A-CUHK402/18
Classification and realization of topological phases in strongly correlated systems: a tensor network approach (TNTOP)

Hong Kong Principal Investigator: Prof Gu Zhengcheng (The Chinese University of Hong Kong)
French Principal Investigator: Prof Poilblanc Didier (University of Touloouse)

It was long believed that Landau symmetry-breaking theory describes all possible orders and all possible (continuous) phase transitions in materials. However, Nature is always full of surprises. In last three decades, it has become more and more clear that Landau symmetry-breaking theory fails to describe all possible orders in strongly correlated systems. One famous example is the fractional quantum Hall (FQH) effect. It turns out that FQH states are topological phases of quantum mater and contain a new class of order – topological order.

Topological order is believed to exist in general strongly correlated systems and will make great impact on future industry, e.g, the realization of topological quantum computation. Unfortunately, a unified analytical and numerical framework to study topological phenomena in strongly correlated systems has not been developed so far due to the lack of principle analogous to symmetry breaking and mathematical approach analogous to mean field theory. Recent years, it has been realized that topological phases of quantum matter can be systematically characterized by long-range entanglement, which can be efficiently encoded by the so-called tensor network states. Therefore, the analytic and numerical study of tensor network state will become a very powerful tool to understand topological phases of quantum matter.

However, great challenges still need to be overcome for implementing tensor network states to systematically study topological phenomena in strongly correlated systems.
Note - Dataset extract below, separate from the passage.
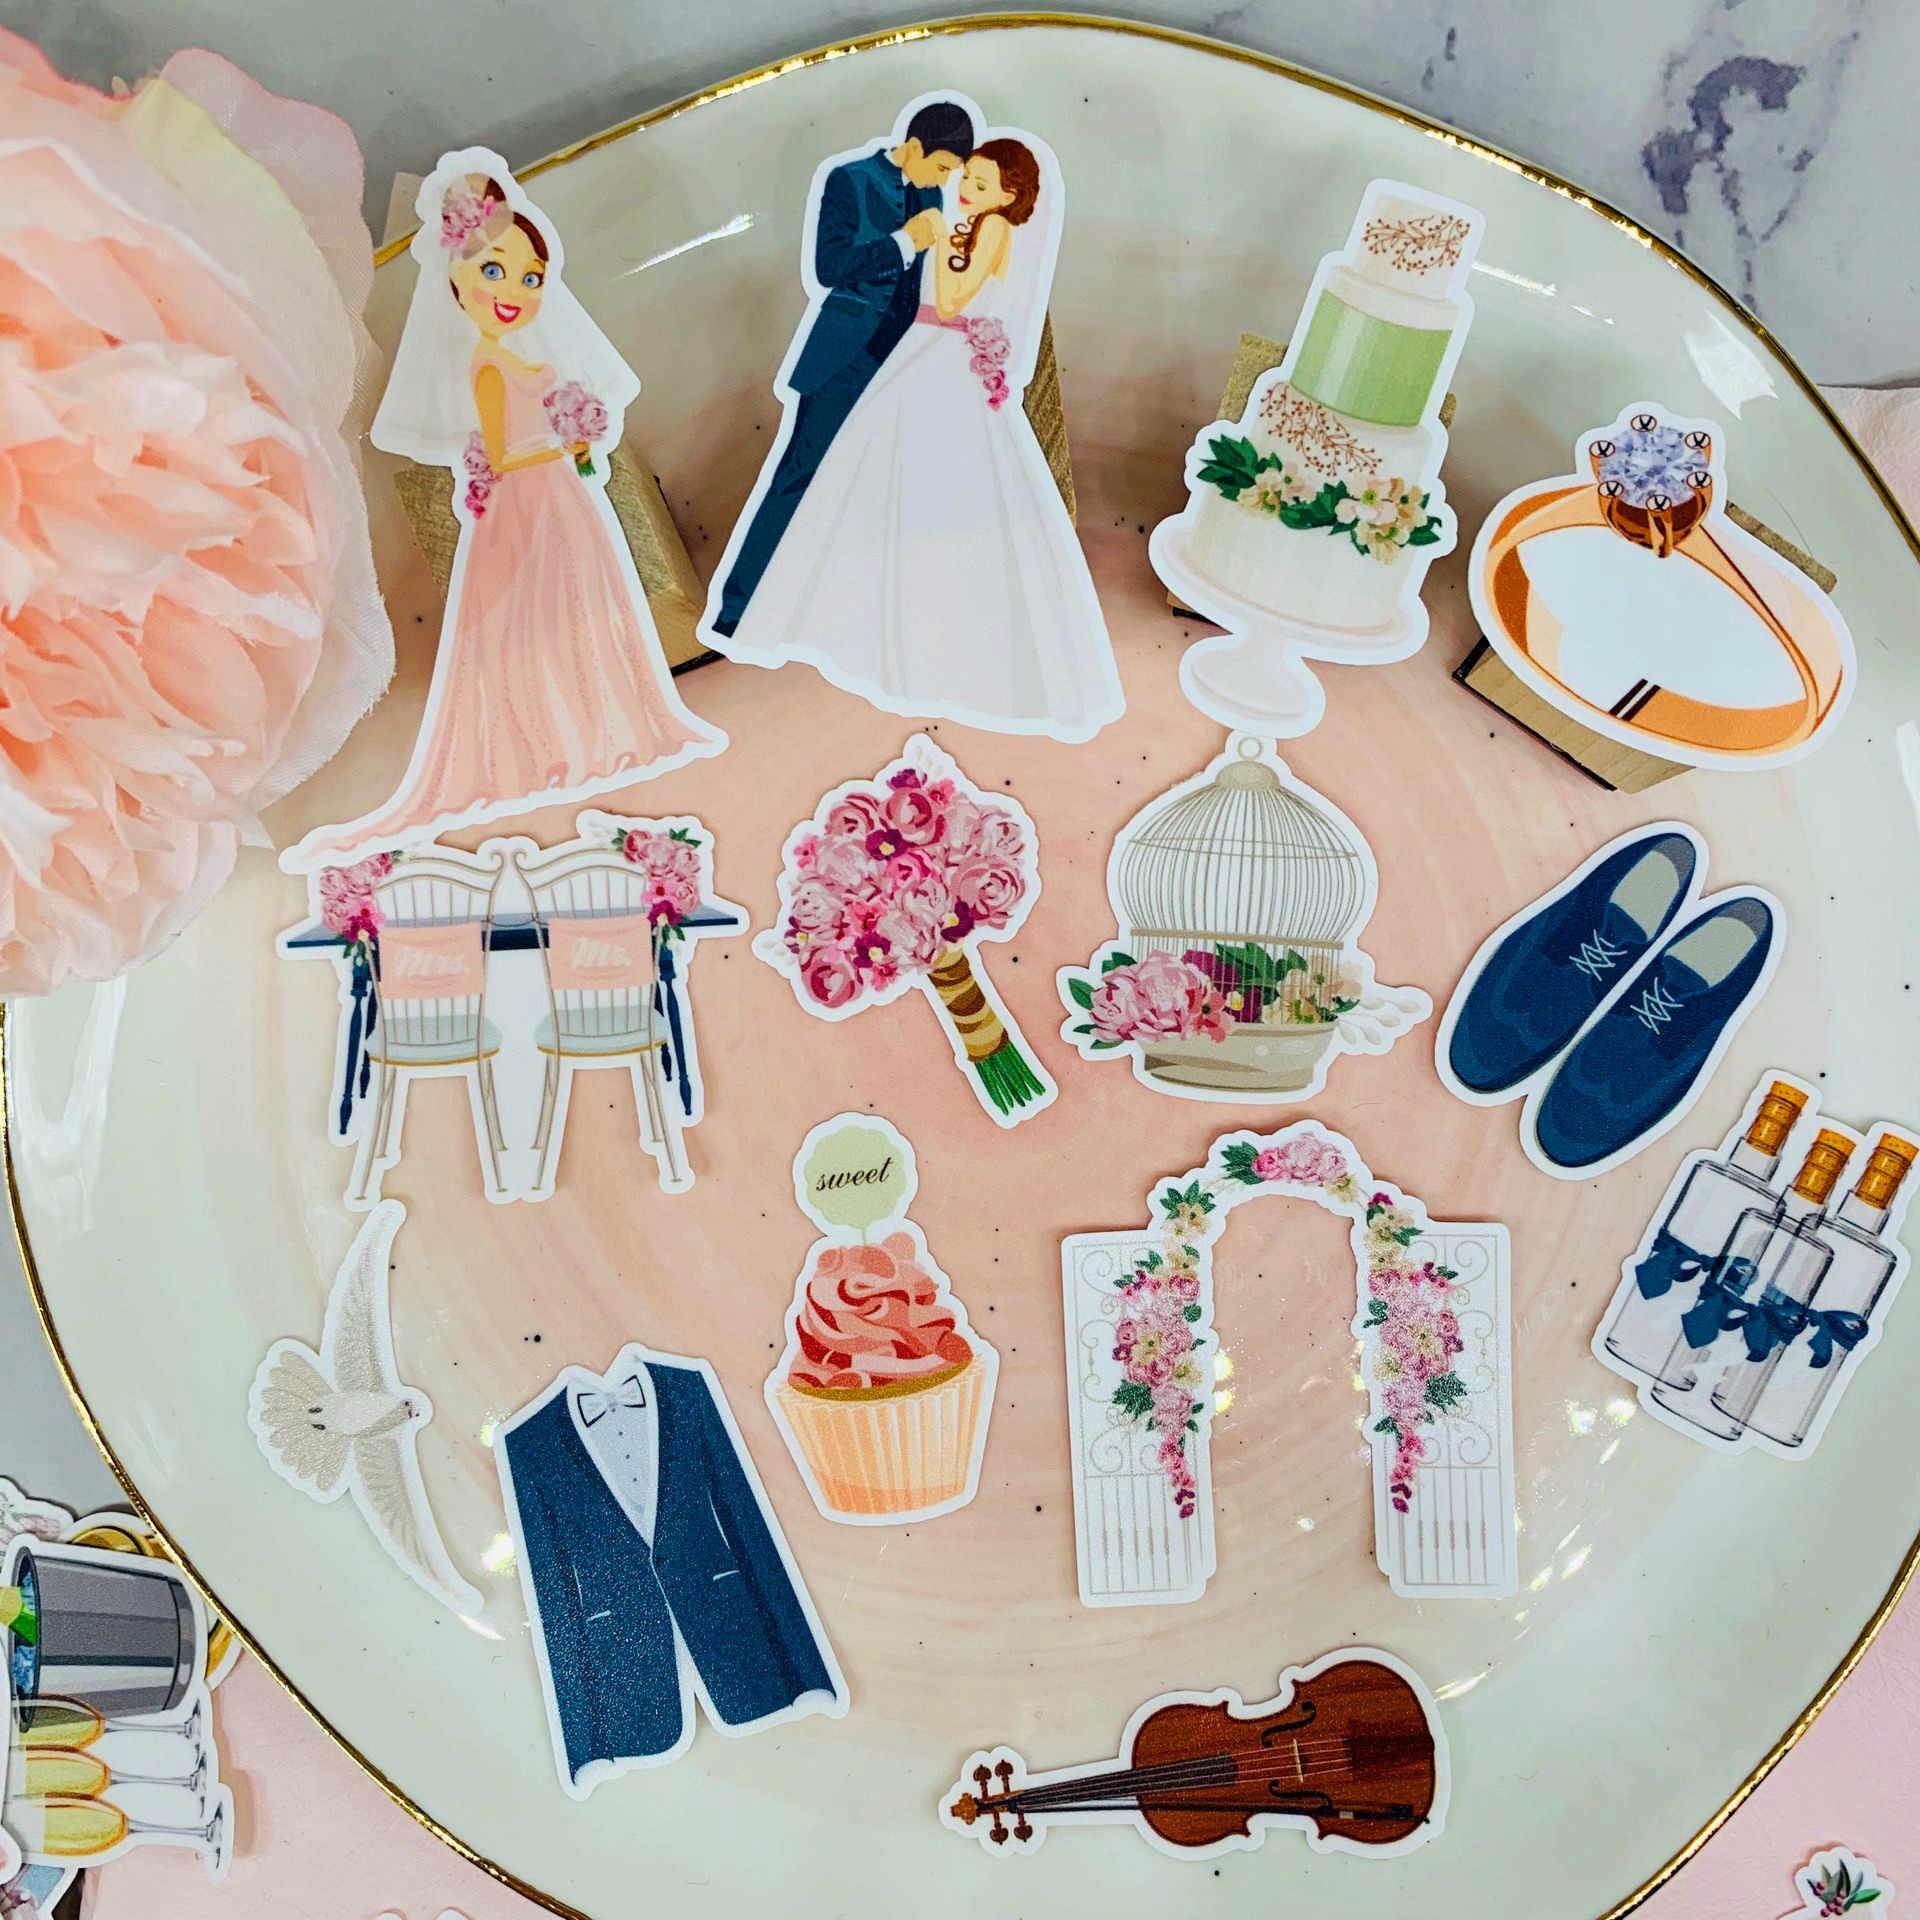 28 Pcs Lucu Pesta Pernikahan Pola Kertas Stiker untuk Anak-anak Buatan Sendiri Buku Stiker Pada Laptop/Dekoratif Scrapbooking/DIY

Analytically, it is still unclear if tensor network states can faithfully represent all topologically ordered states or not. Numerically, it turns out that it can be exponentially hard to calculate physical quantities (ground state energy, correlation functions, etc.) exactly for general tensor network states.

This joint project will form a strong-strong union of an theoretical team in France and Hong Kong to solve the key difficulties in tensor network approach to topological phases of quantum matter in strongly correlated systems. We will team up to classify and realize topological phases of quantum matter in strongly correlated systems using tensor network states approach. We will use tensor network states to systematically classify topological phases of quantum matter in strongly correlated systems. Then we will construct physically motivated tensor network variational wavefunctions to study topological phase transitions. Finally, we will develop new algorithm and implement tensor network states with large bond dimension to study realistic topological materials, such as frustrated magnets and doped Mott-insulator.

A-CUHK404/18
Nanoscale thermal sensing using hybrid diamond sensors

Hong Kong Principal Investigator: Prof Li Quan (The Chinese University of Hong Kong)
French Principal Investigator: Prof Gergely Csilla (Montpellier University)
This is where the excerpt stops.